Exercise directions>
Across the whole listing, return each line exactly, with no images included.

Given information>
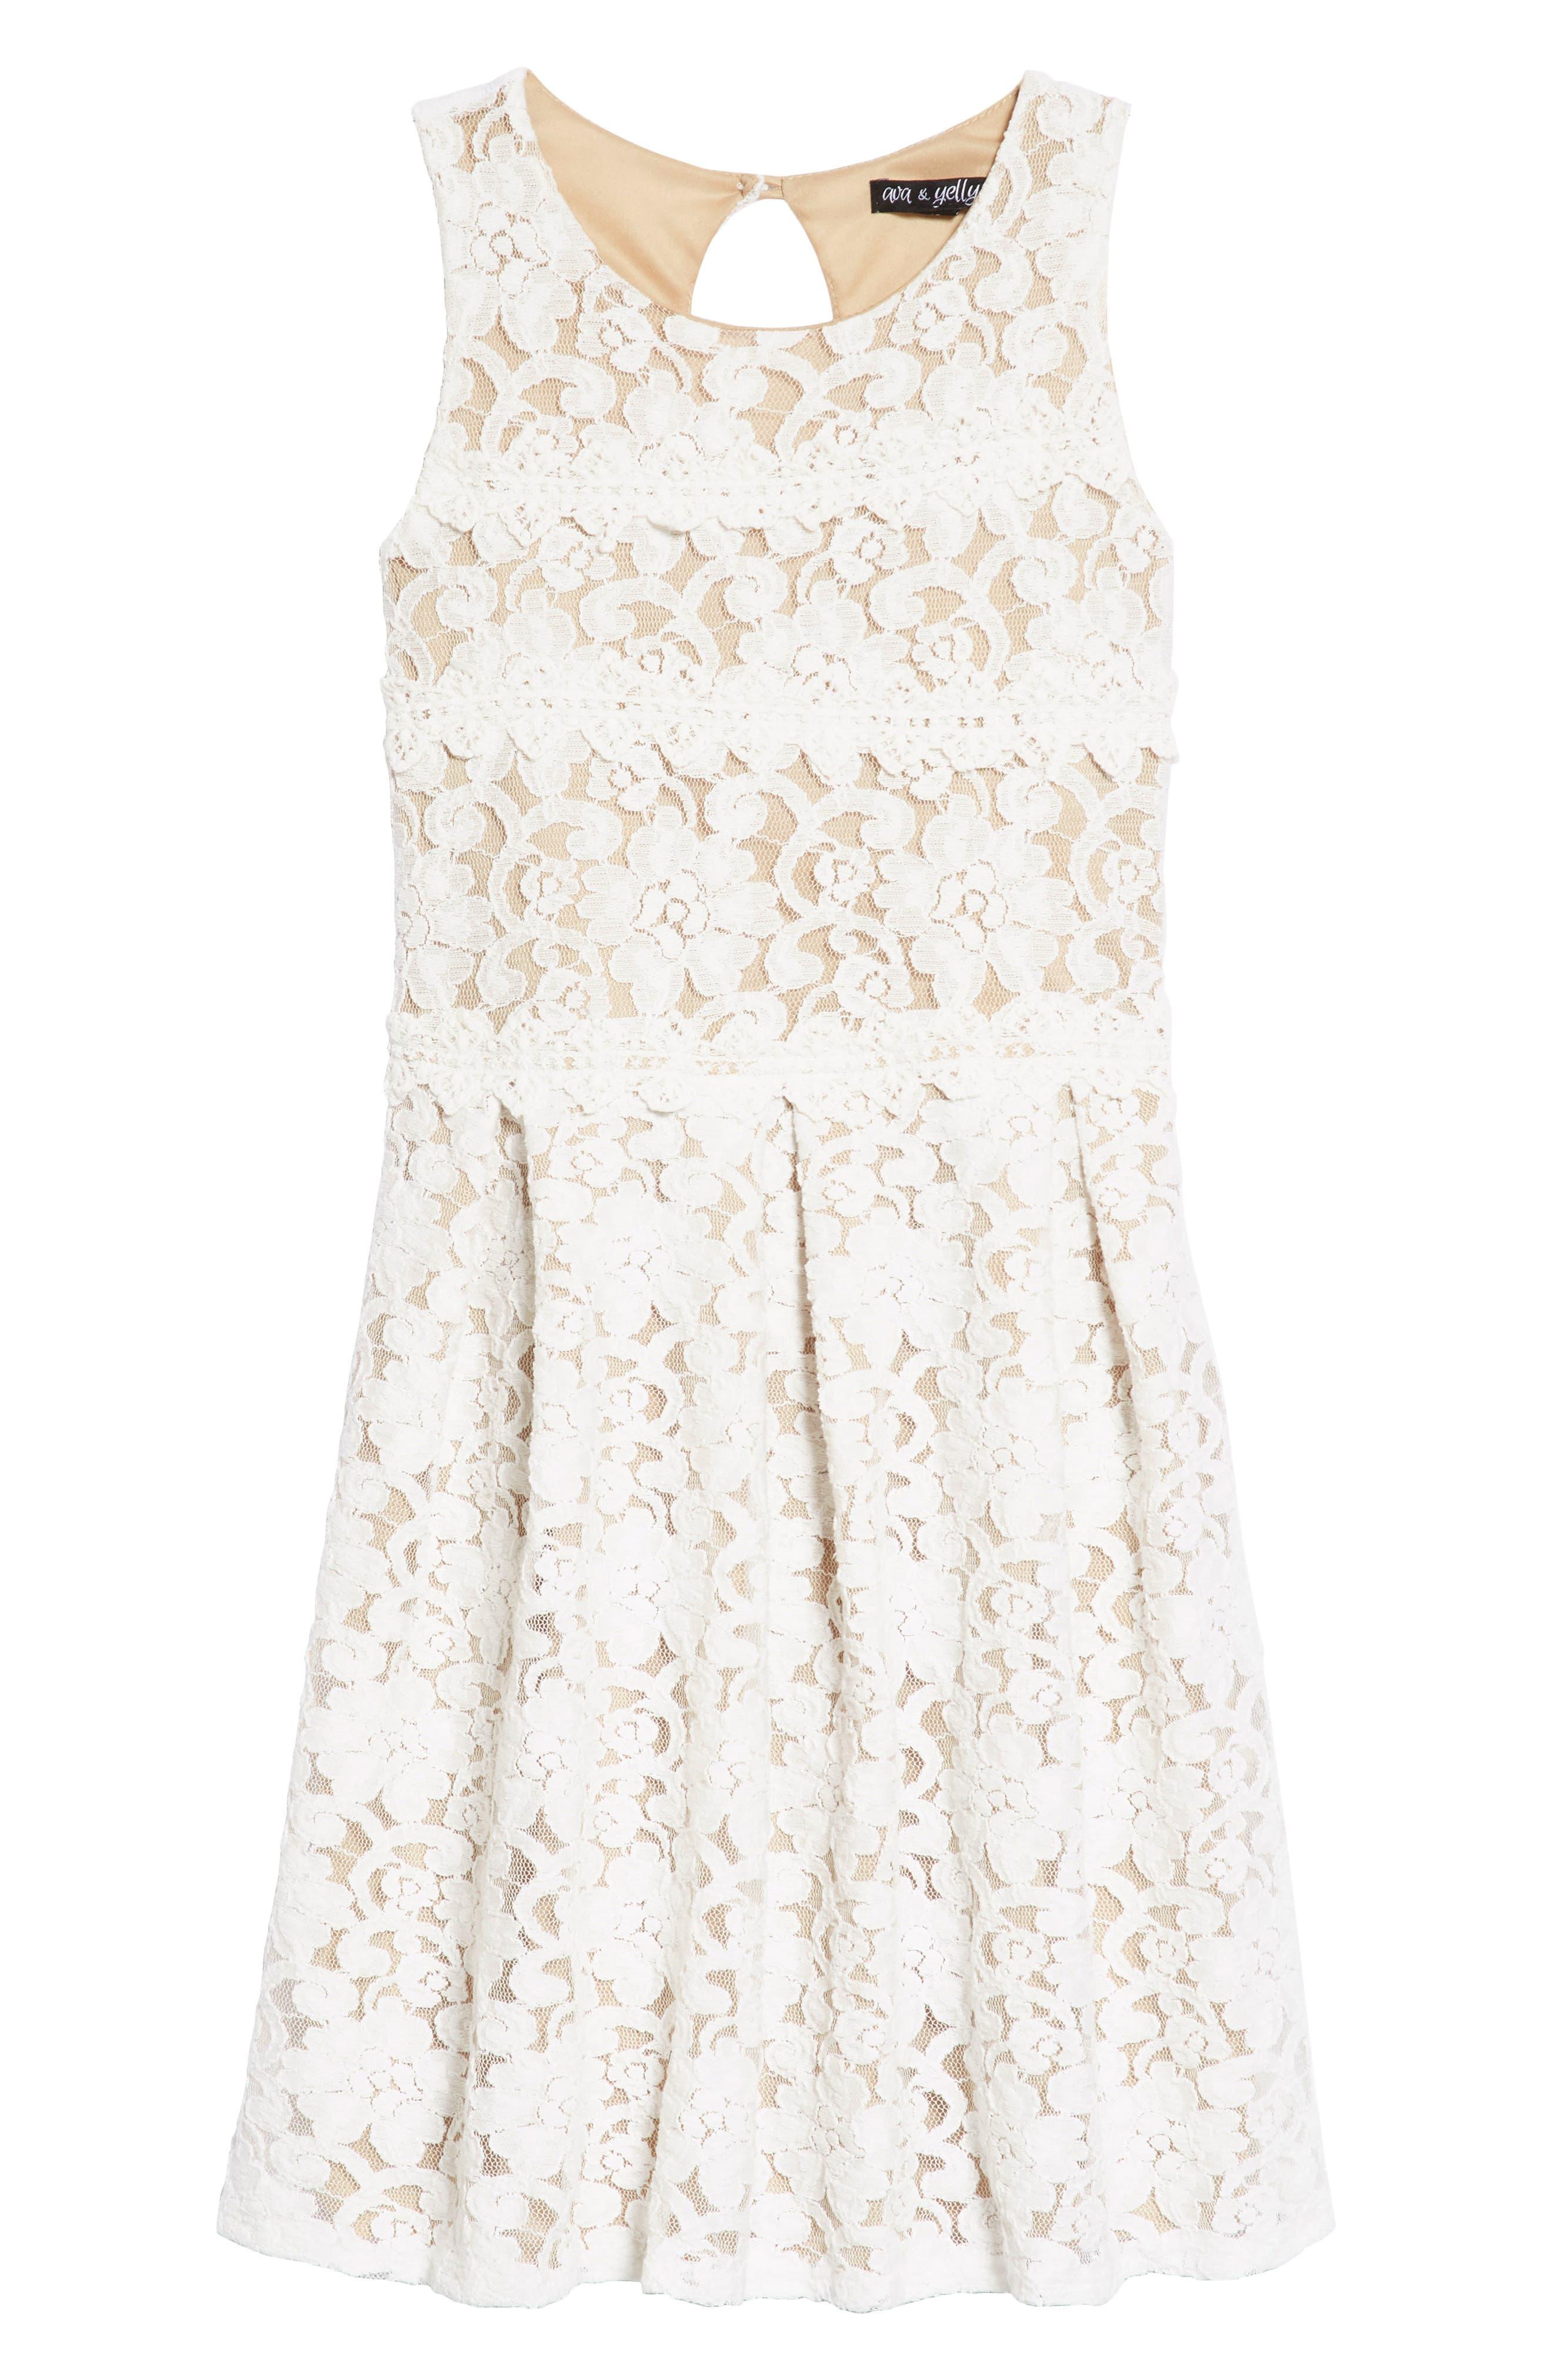 Two Tone Lace Skater Dress,                             Main thumbnail 1, color,                             Ivory/ Tan
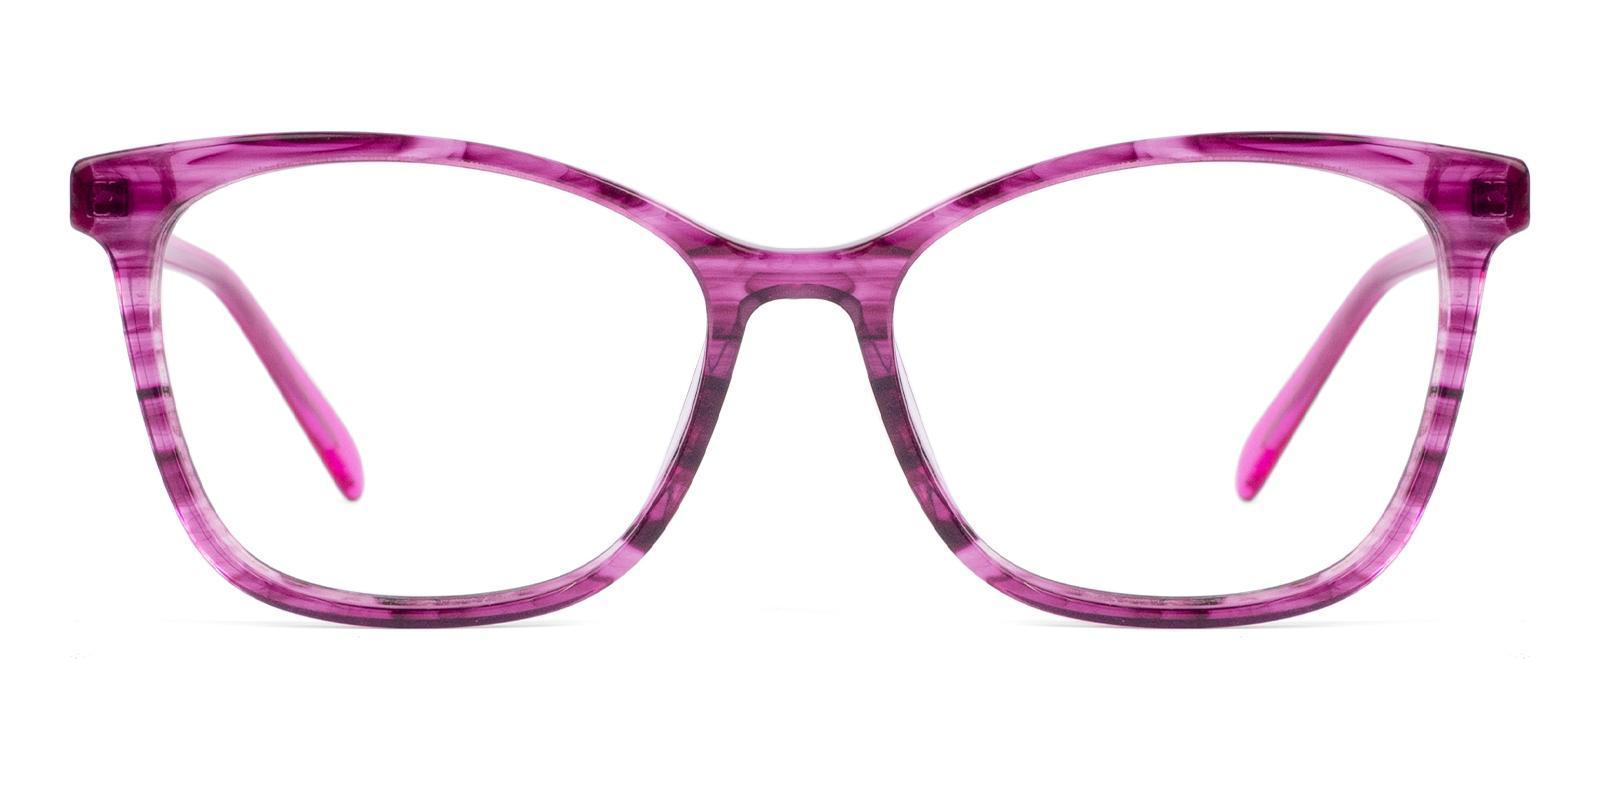 Coliny Pink Acetate Eyeglasses , Fashion , SpringHinges , UniversalBridgeFit Frames from ABBE Glasses
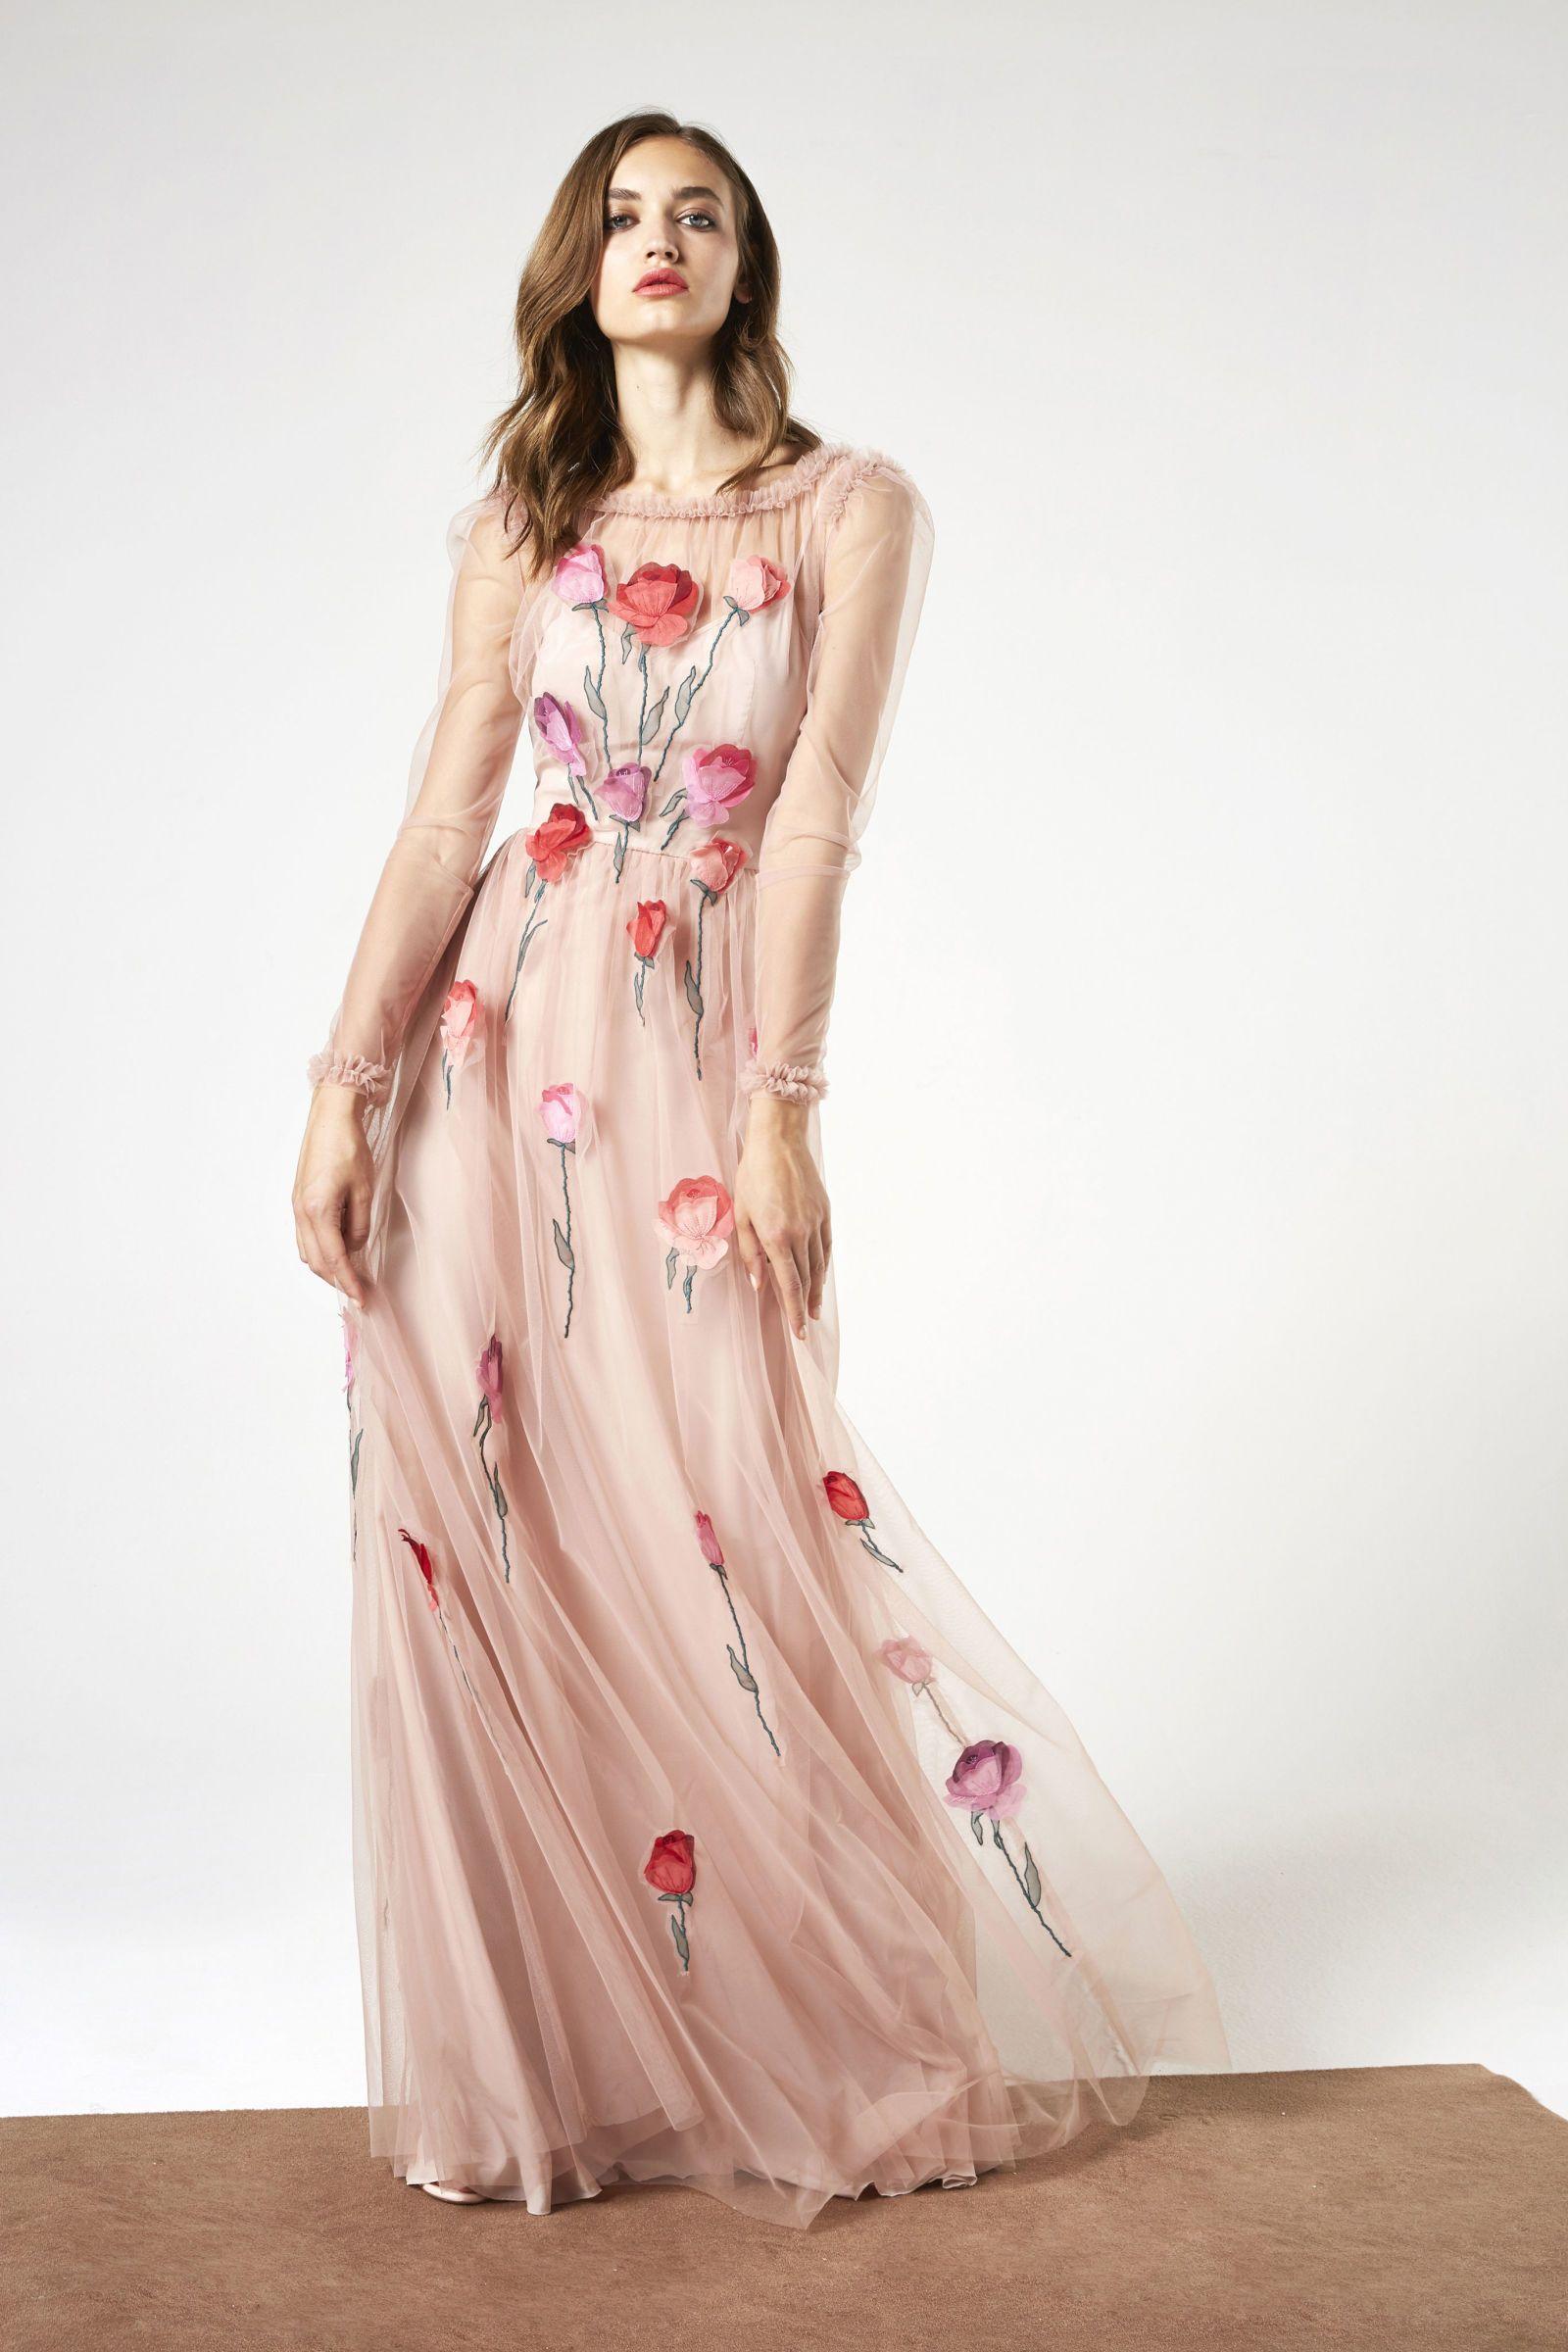 617f003ae Blumarine Resort 2018 | Gowns | Fashion, Rose gown, Floral fashion

Result>
 Two Tone Lace Skater Dress,                             Main thumbnail 1, color,                             Ivory/ Tan
 Coliny Pink Acetate Eyeglasses , Fashion , SpringHinges , UniversalBridgeFit Frames from ABBE Glasses
 617f003ae Blumarine Resort 2018 | Gowns | Fashion, Rose gown, Floral fashion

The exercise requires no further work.